Microsoft, with all due respect, what the heck are you guys thinking there?
For context, I have just had this feature rolled out to some of our Windows 10 Pro non-domain joined PCs on 20H2.
Firstly, how did this feature even pass testing? Whenever you mouse over it, it hijacks 1/4 of the screen real estate, which is very annoying.
Secondly, do you care to elaborate how the data gets personalised despite having every privacy setting already enabled and using a 3rd party browser (Firefox) with all of it's privacy settings, including uBlock Origin and Privacy Badger extensions enabled?
Thirdly, why has this new feature been pushed out of band and not with the 21H1 update? Isn't the whole point of the 6-monthly feature update to enable the new features? so Why was it enabled outside of the feature update when these kinds of changes could be expected from the feature update? And the Insiders only tested this on 21H1. The correct thing to do would have been to enable it with 21H1 only because this has not been properly tested on prior builds. If someone really wanted it on a prior build (for some reason), it should be a deliberate act to enable this functionality path.
Fourth, how is it exactly that features are silently being enabled on our PCs without even as much a log in the Windows Update interface? Is there a log of these silent enablements somewhere? Is there a news feed to subscribe to so that we can be aware of any silent enablements/disablements which could be coming our way or do we need to sign up to every Microsoft blog in existence and hope to stumble upon that information with less than a months notice? If we experience an issue as a result of a change, it makes it a lot harder to troubleshoot when you are not being transparent about the actions you are taking on the state of our PCs.

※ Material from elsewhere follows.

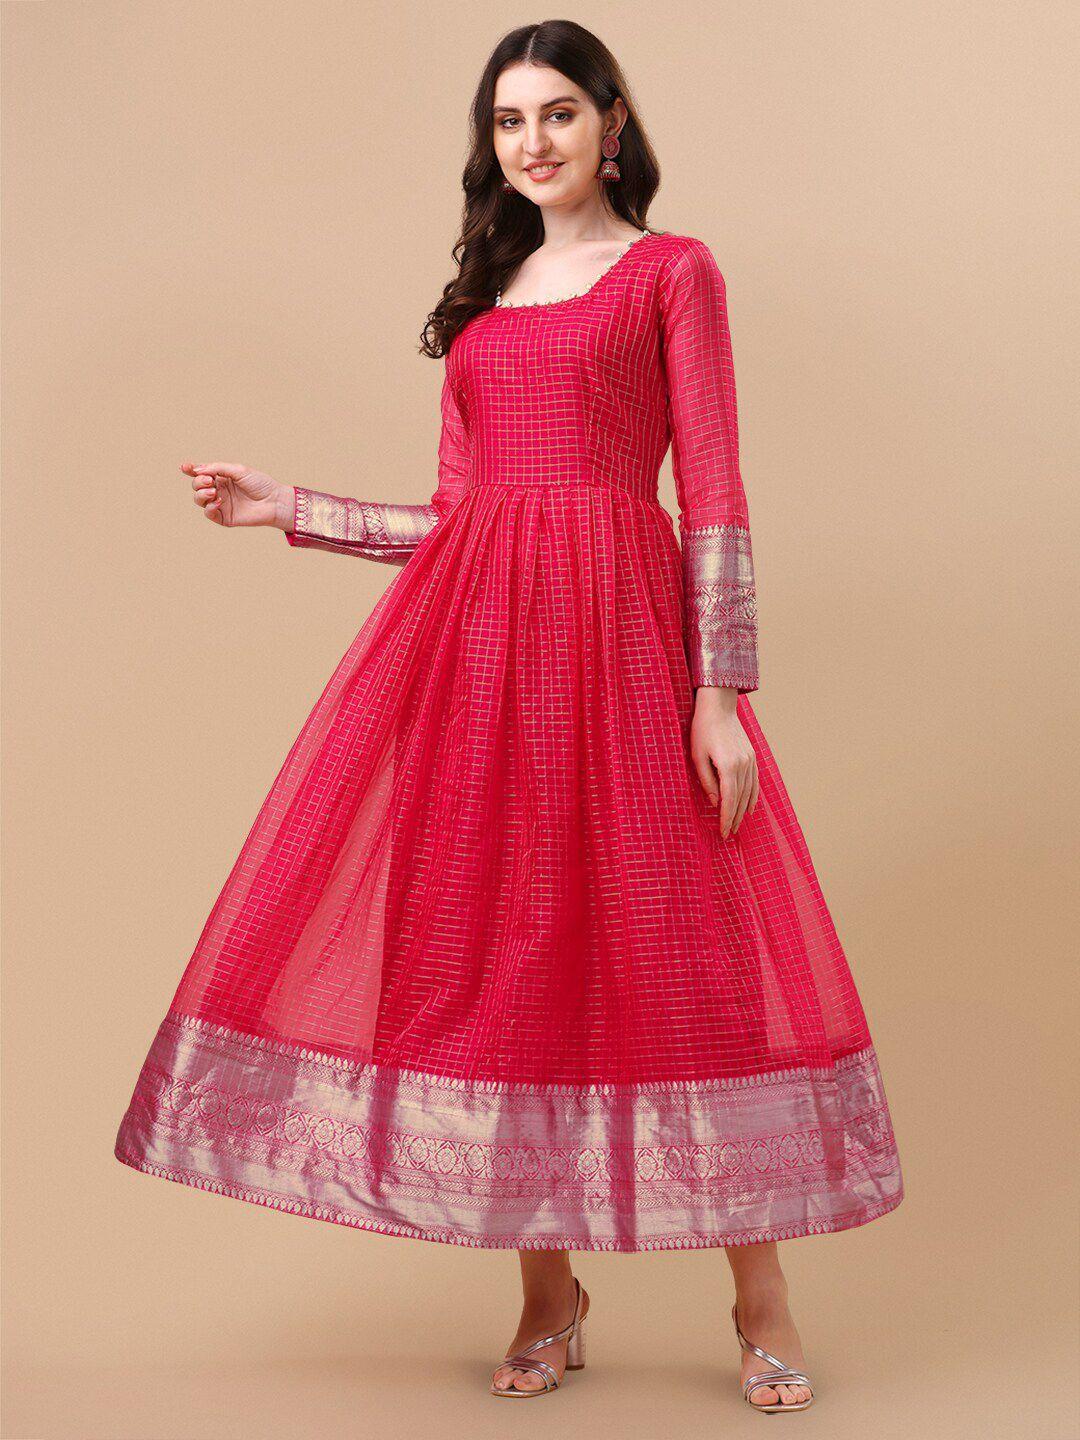 vidraa western store red ethnic motifs jacquard maxi dress

Fifth, from the tone of the most in making it "easily" managed and then providing all these tools for IT admins to disable it, it sounds like you already know and anticipate that most users would not want this useless feature which only gets in the way, so why did you even inflict it on your users in the first place? Thank you for even working new features at all, I'm sure a few fans like it, but I'm sure that anyone who would actually want it could simply just turn it on.
Sixth, following from above, what is the setting which we can deploy to disable all feature related enablements similar to this one in the future, so that we don't get a repeat of this where we are forced to react after the fact? I understand that sometimes some performance/compatibility/crash etc. fixes get silently (refer to Point 4 why this is wrong) but those fixes are actually good, I want those fixes to keep coming (just not silently), but we should have more control to be able to prevent the unnecessary/feature related enablements from coming through. You know that we are just going to turn it off anyway, so why do you even waste your time and ours trying to force it on us, when you know that we are going to disable it anyway.
Microsoft, please do better. You are just hurting your customer's trust when you pull stunts like this.